__About this exercise__:
Output only the lines below from the one holding "Kids High Visibility" down to the one holding "Emilia Romagna, autostrada", both end lines included and every picture dropped.

__Data for this task__:

<<<<

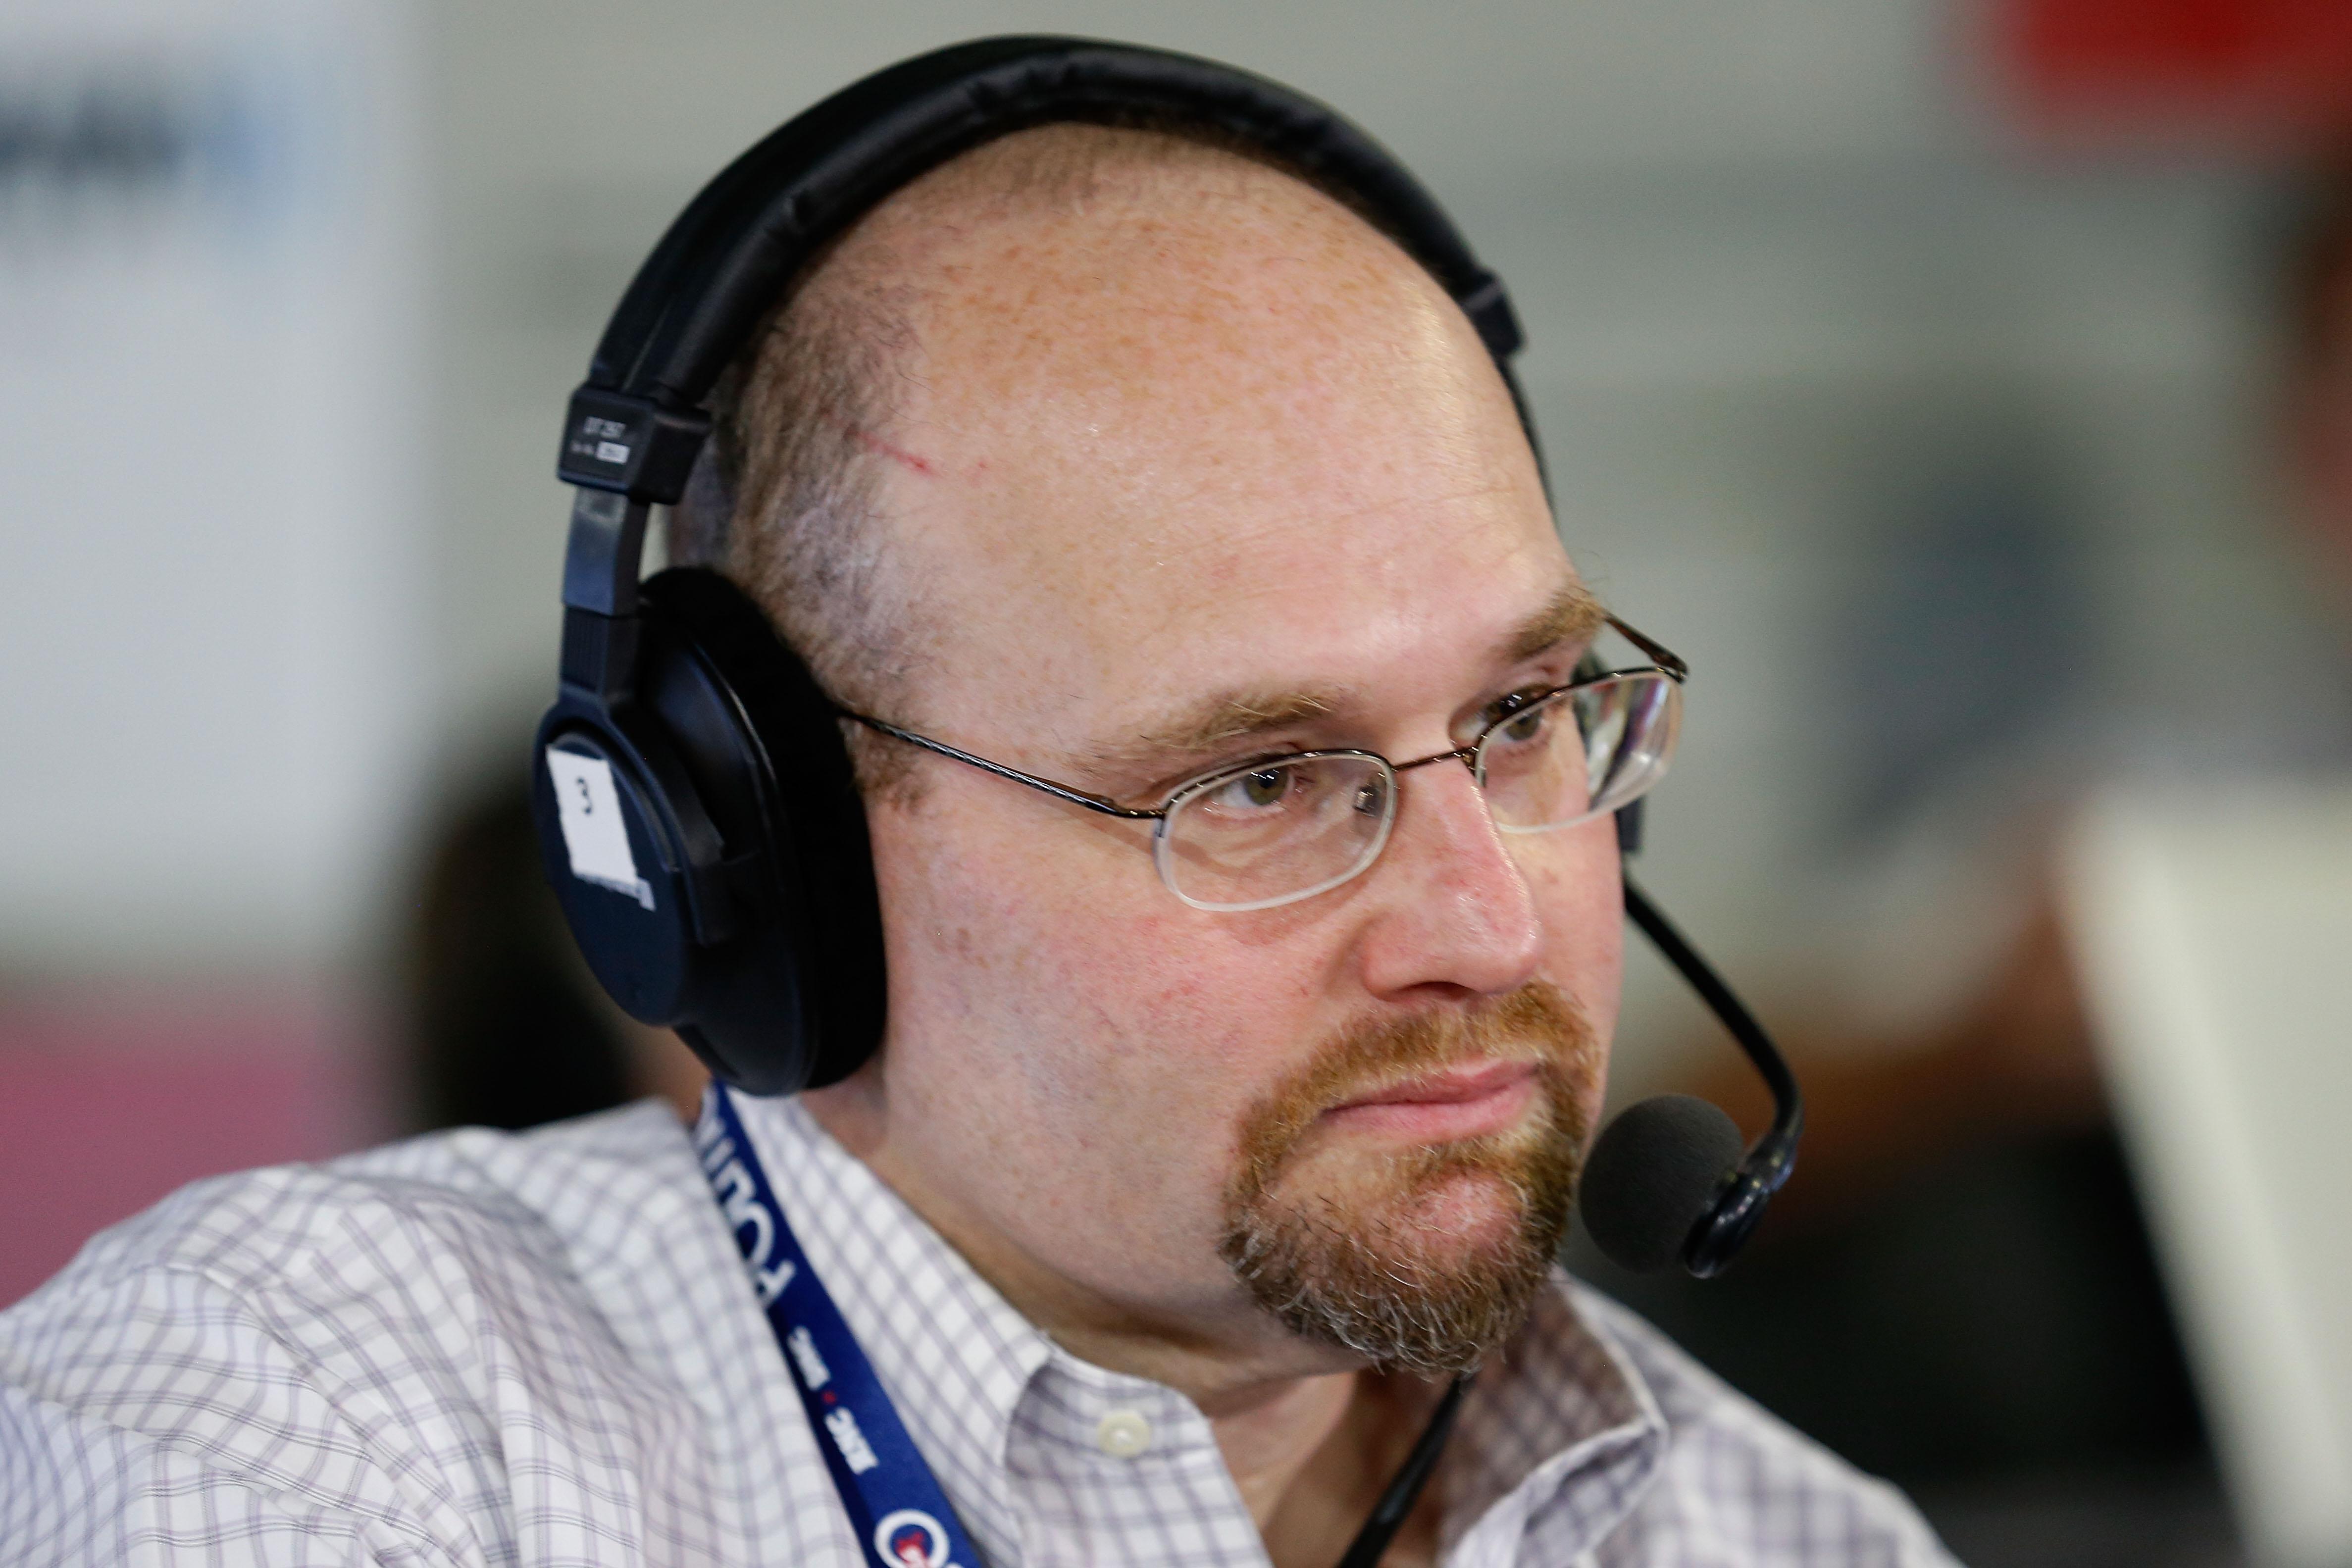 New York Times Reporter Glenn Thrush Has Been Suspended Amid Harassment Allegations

>>>>
<<<<

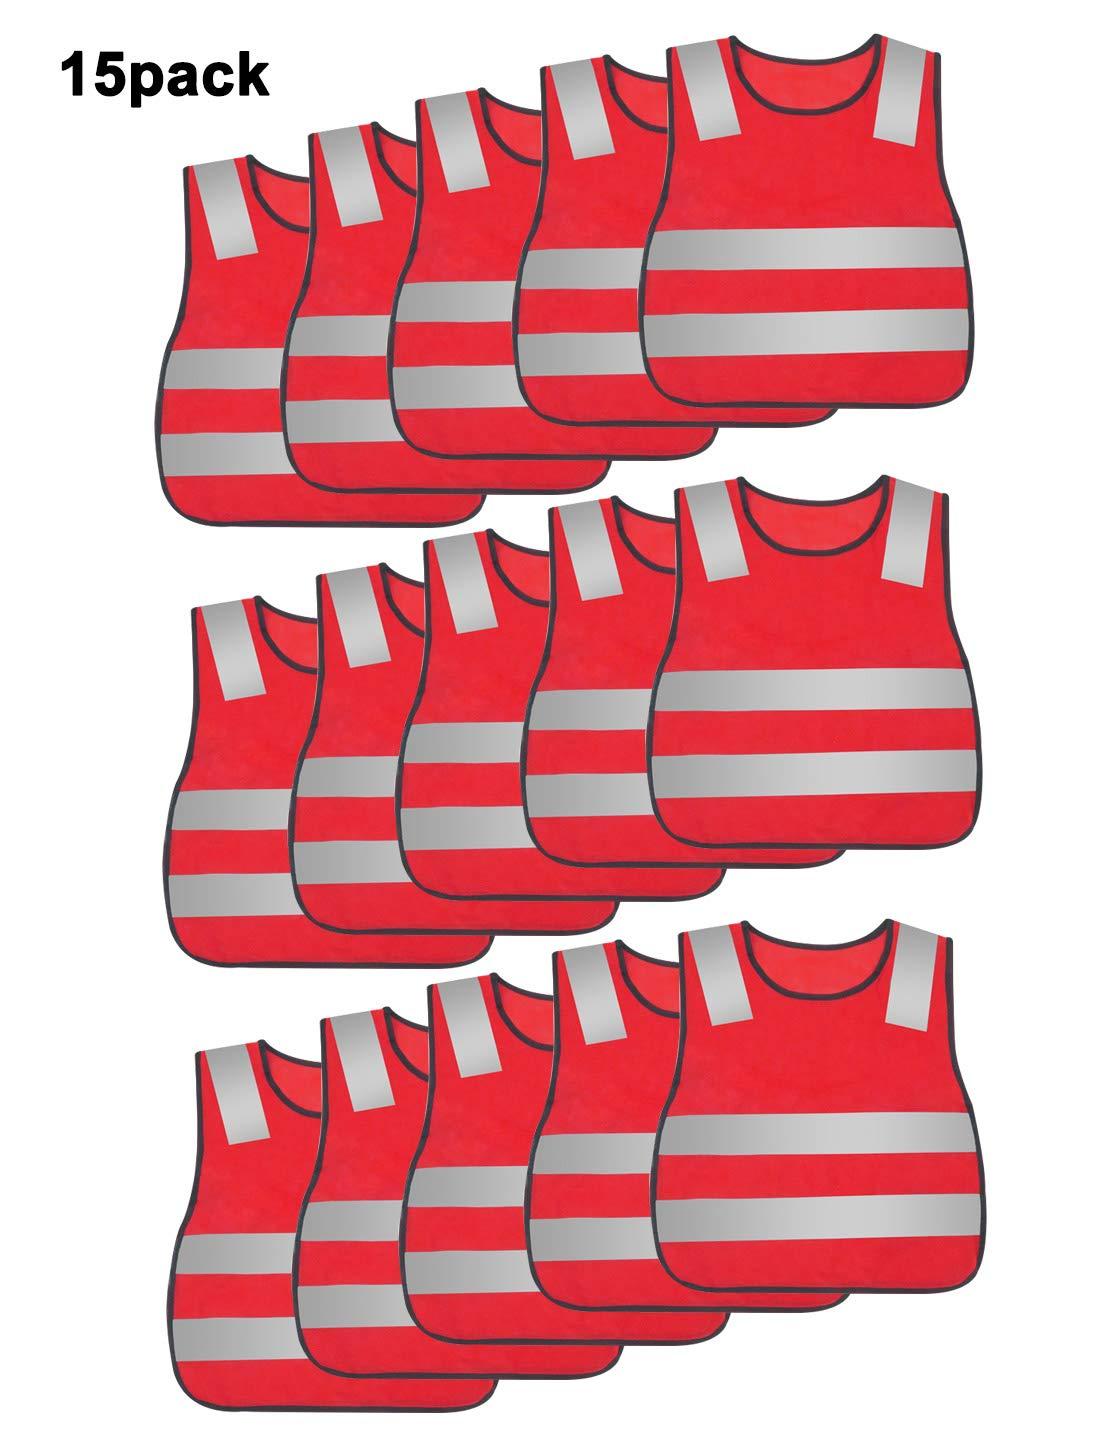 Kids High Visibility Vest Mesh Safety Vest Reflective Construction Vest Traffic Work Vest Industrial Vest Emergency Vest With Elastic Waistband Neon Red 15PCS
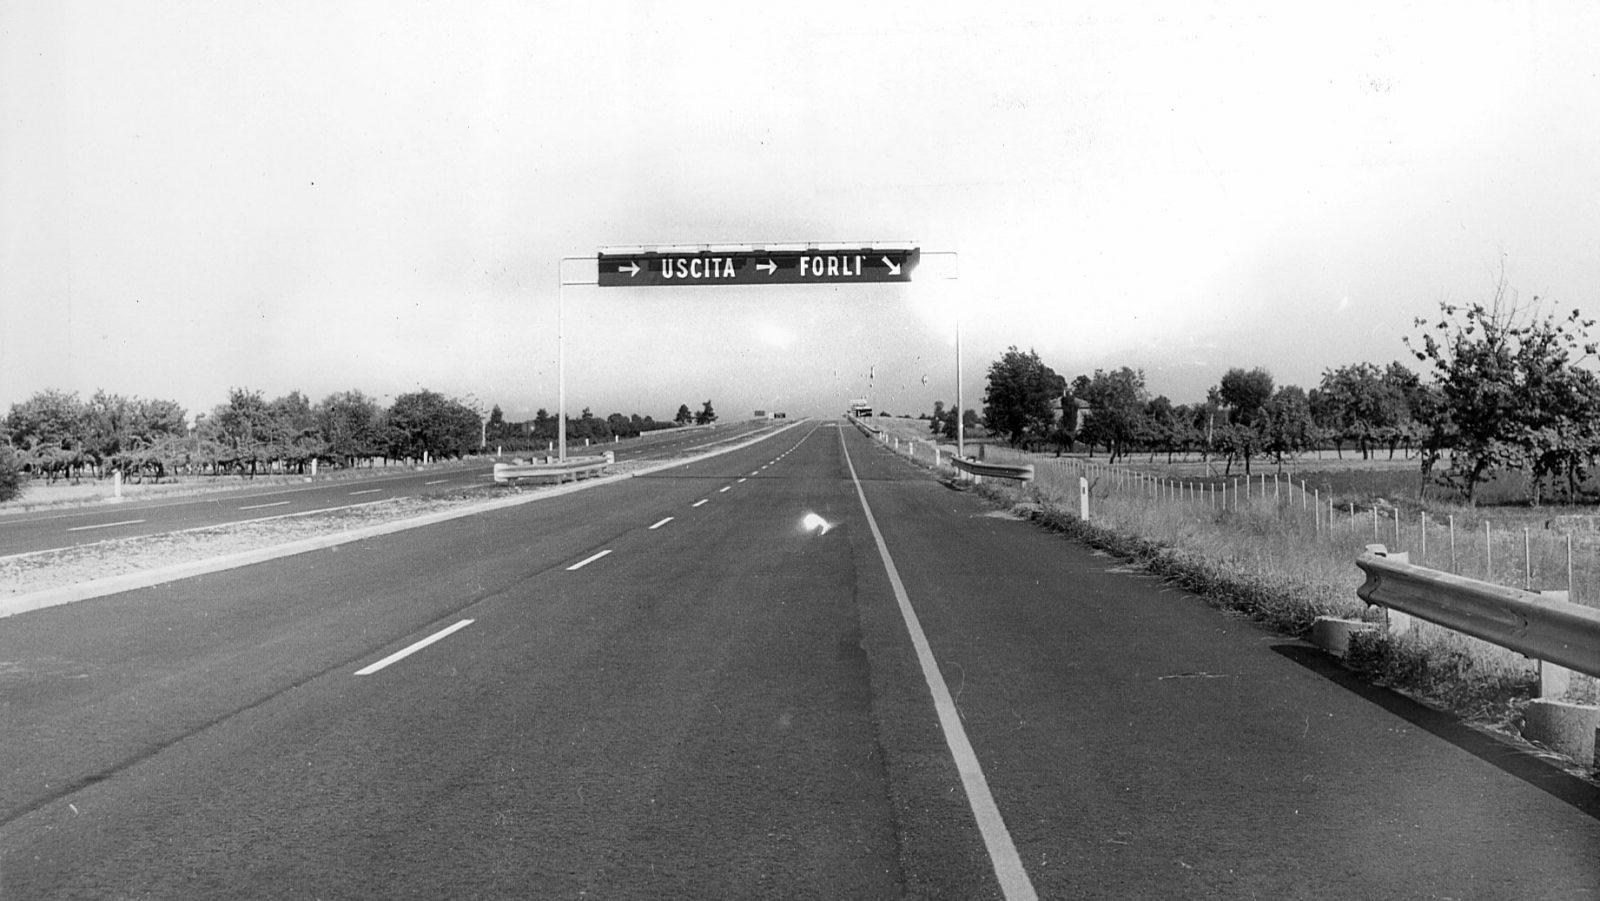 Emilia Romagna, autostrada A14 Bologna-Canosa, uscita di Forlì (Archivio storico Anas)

>>>>

__Solution to the exercise__:
 Kids High Visibility Vest Mesh Safety Vest Reflective Construction Vest Traffic Work Vest Industrial Vest Emergency Vest With Elastic Waistband Neon Red 15PCS
 Emilia Romagna, autostrada A14 Bologna-Canosa, uscita di Forlì (Archivio storico Anas)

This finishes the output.